PROBLEM DESCRIPTION – Retype the listing below exactly, pictures removed.

DATA EXTRACT –
━━━━━━━━━━

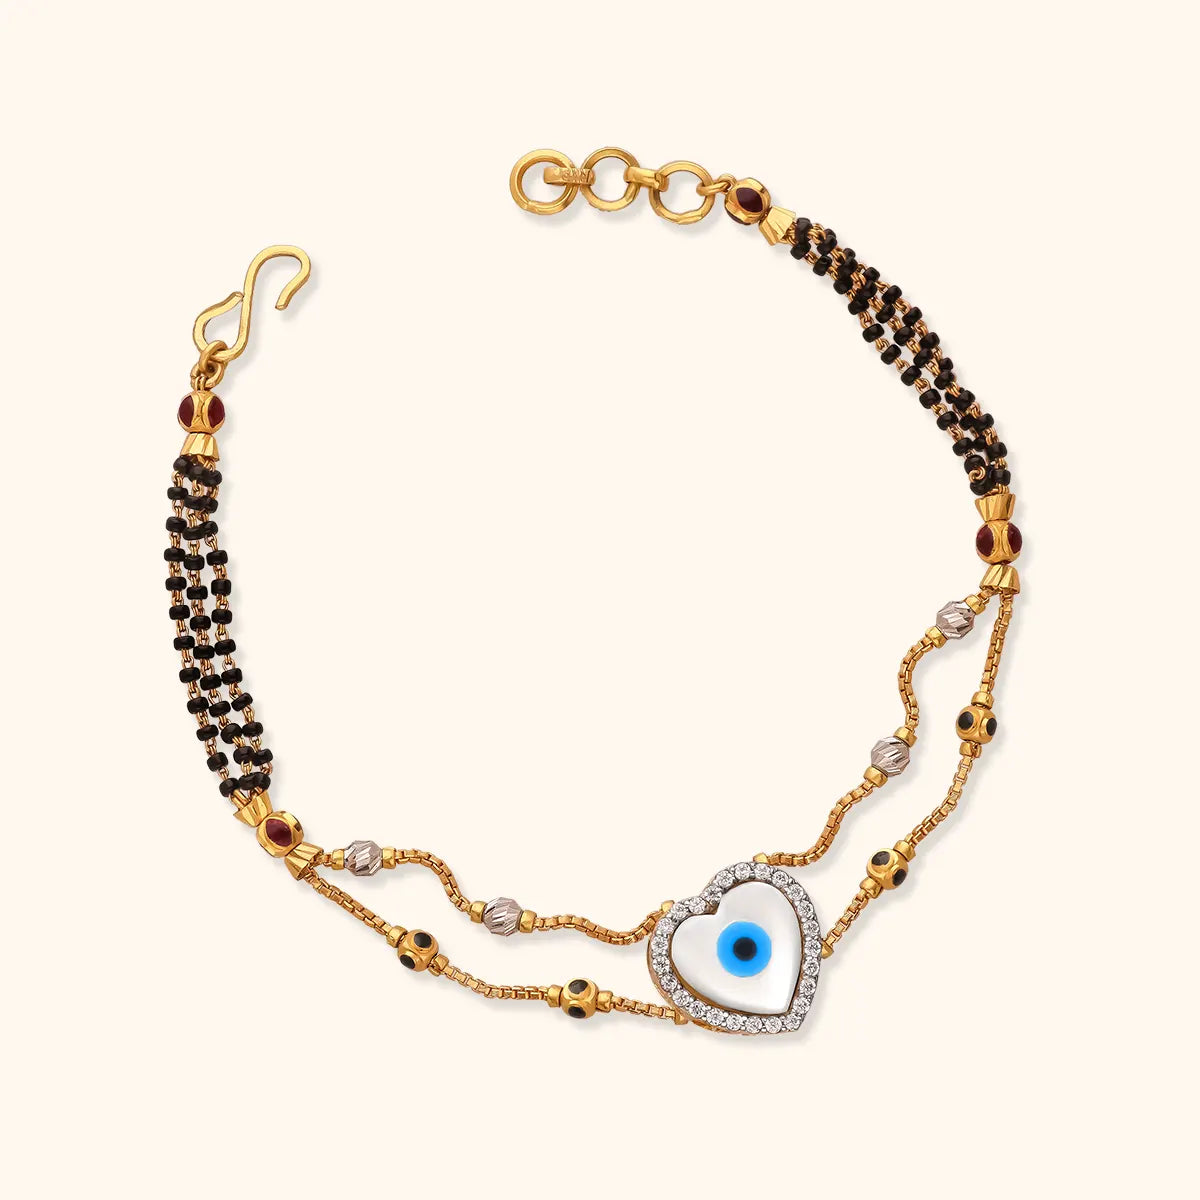 Buy Mehrunnisa Contemporary Turkish Evil Eye Mangalsutra Bracelet for Women  (JWL1553) at Amazon.in
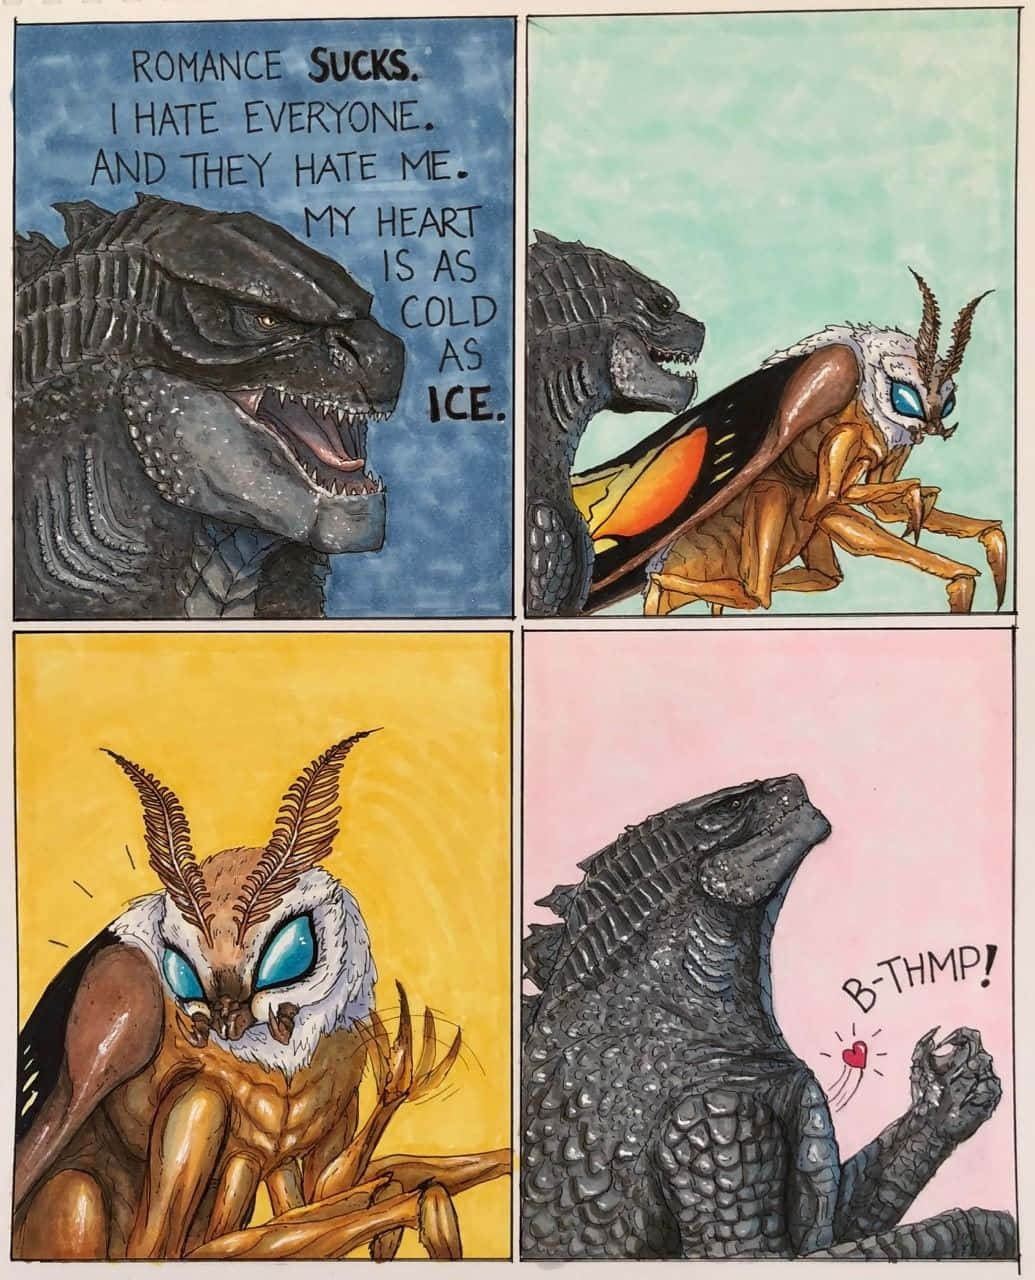 Epic showdown between Godzilla and Mothra Wallpaper
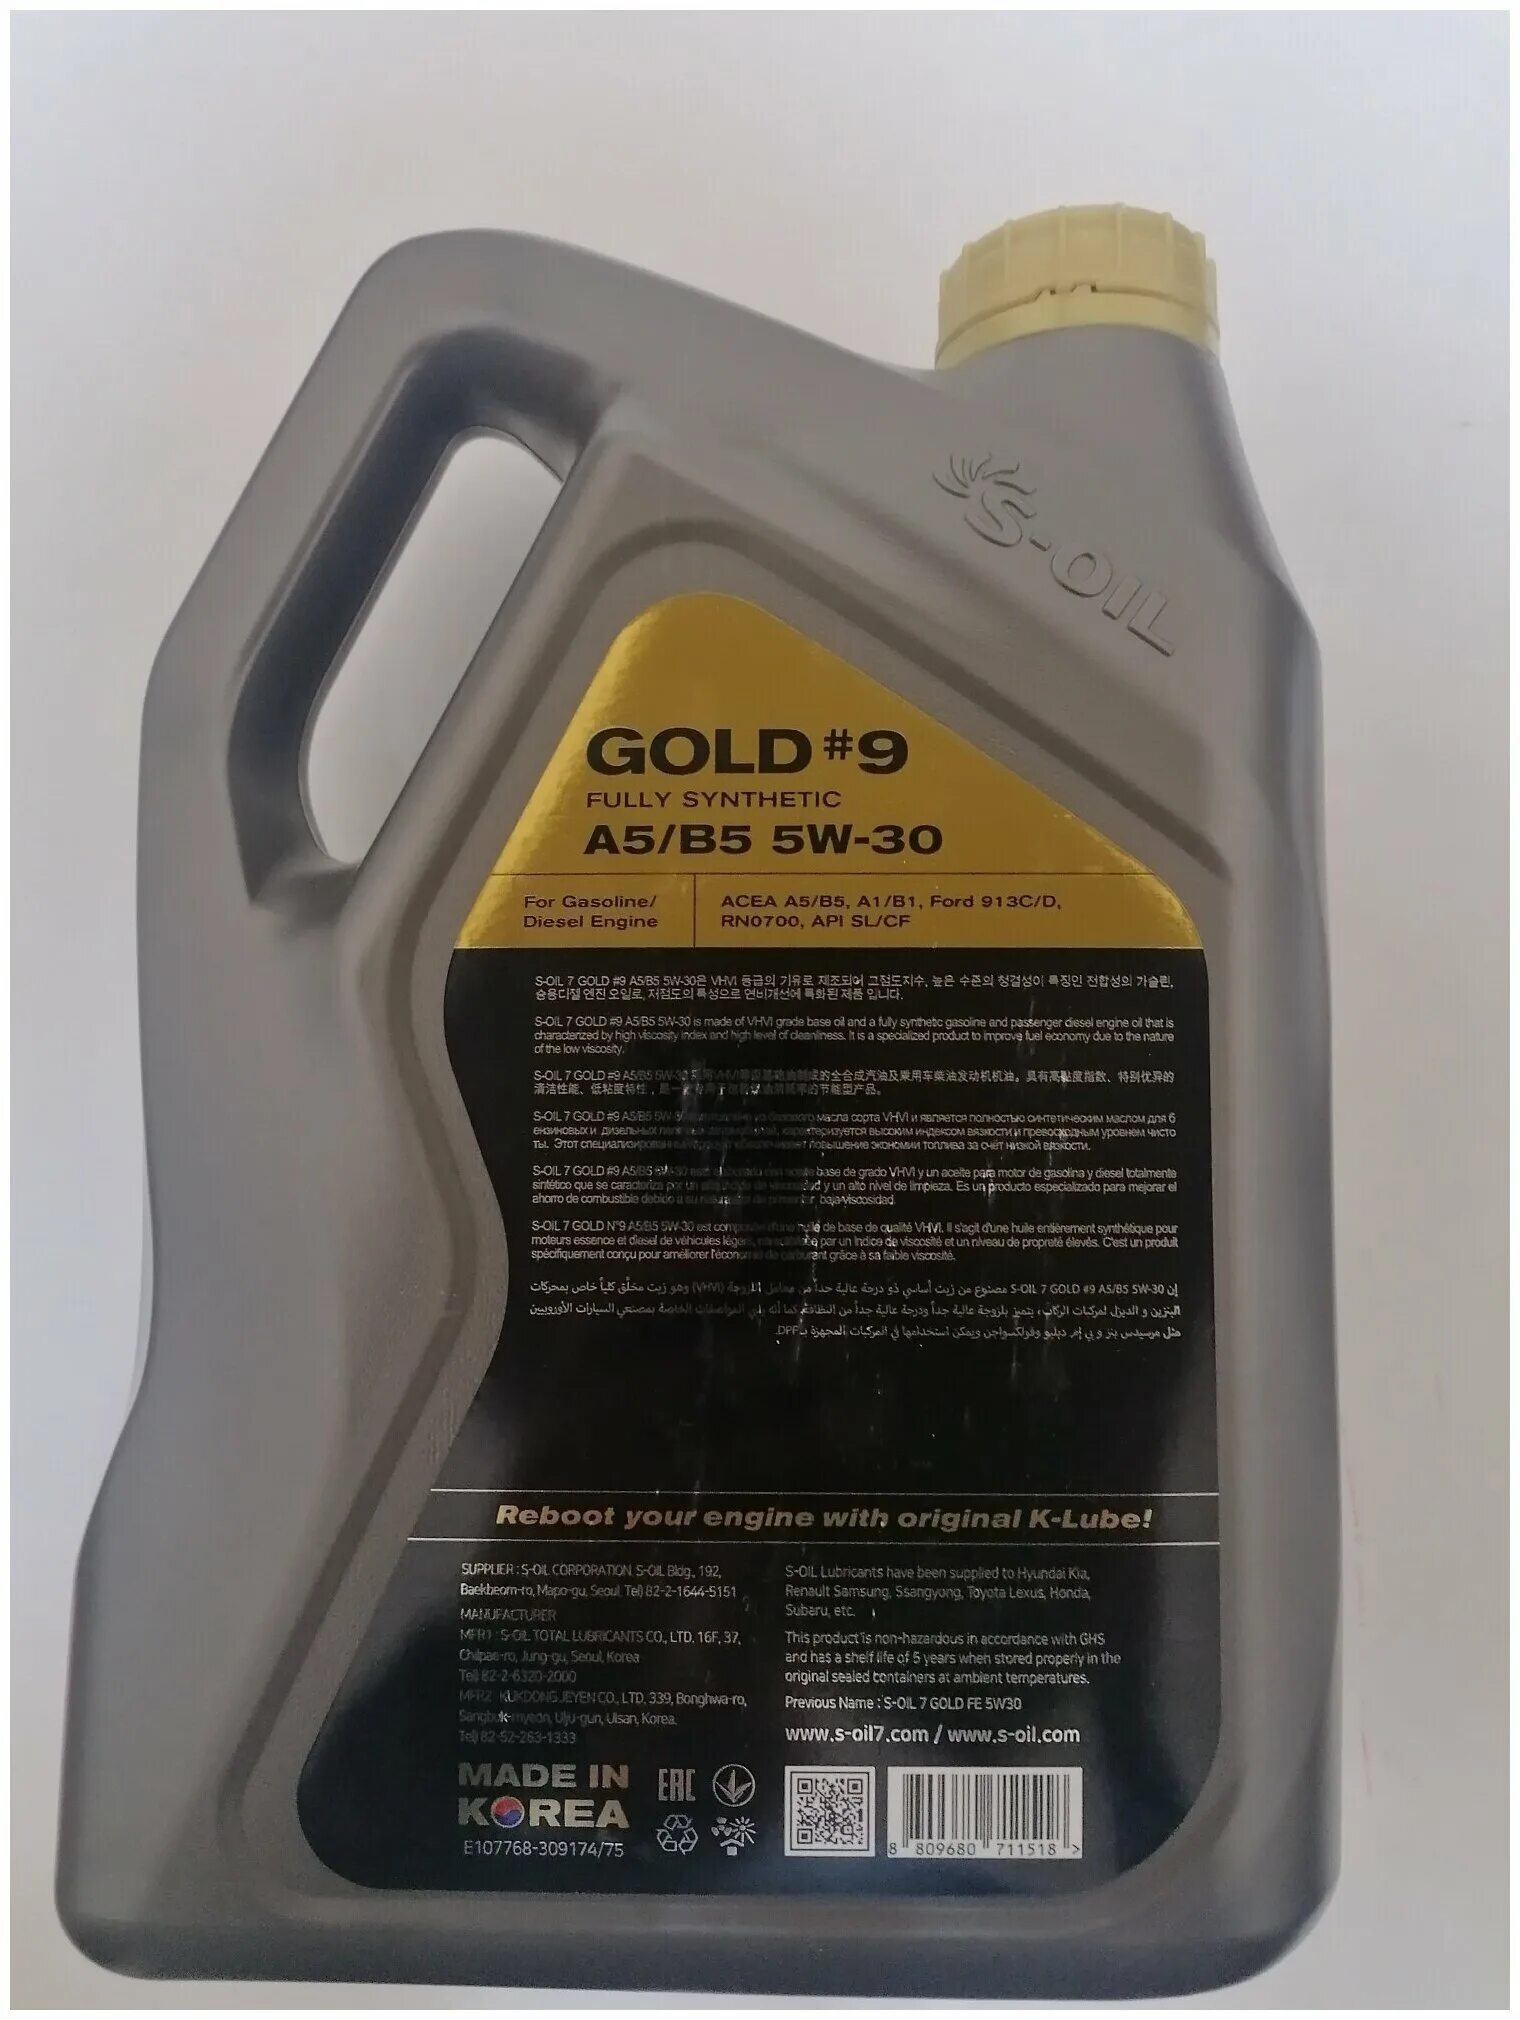 S-Oil Seven Gold #9 5w-30 a5/b5. S-Oil Seven 5w-30 Gold 9. S-Oil Seven Gold 9 5w-30 артикул. Масло s Oil Gold 5w30.

━━━━━━━━━━

OUTPUT BELOW –
 Buy Mehrunnisa Contemporary Turkish Evil Eye Mangalsutra Bracelet for Women  (JWL1553) at Amazon.in
 Epic showdown between Godzilla and Mothra Wallpaper
 S-Oil Seven Gold #9 5w-30 a5/b5. S-Oil Seven 5w-30 Gold 9. S-Oil Seven Gold 9 5w-30 артикул. Масло s Oil Gold 5w30.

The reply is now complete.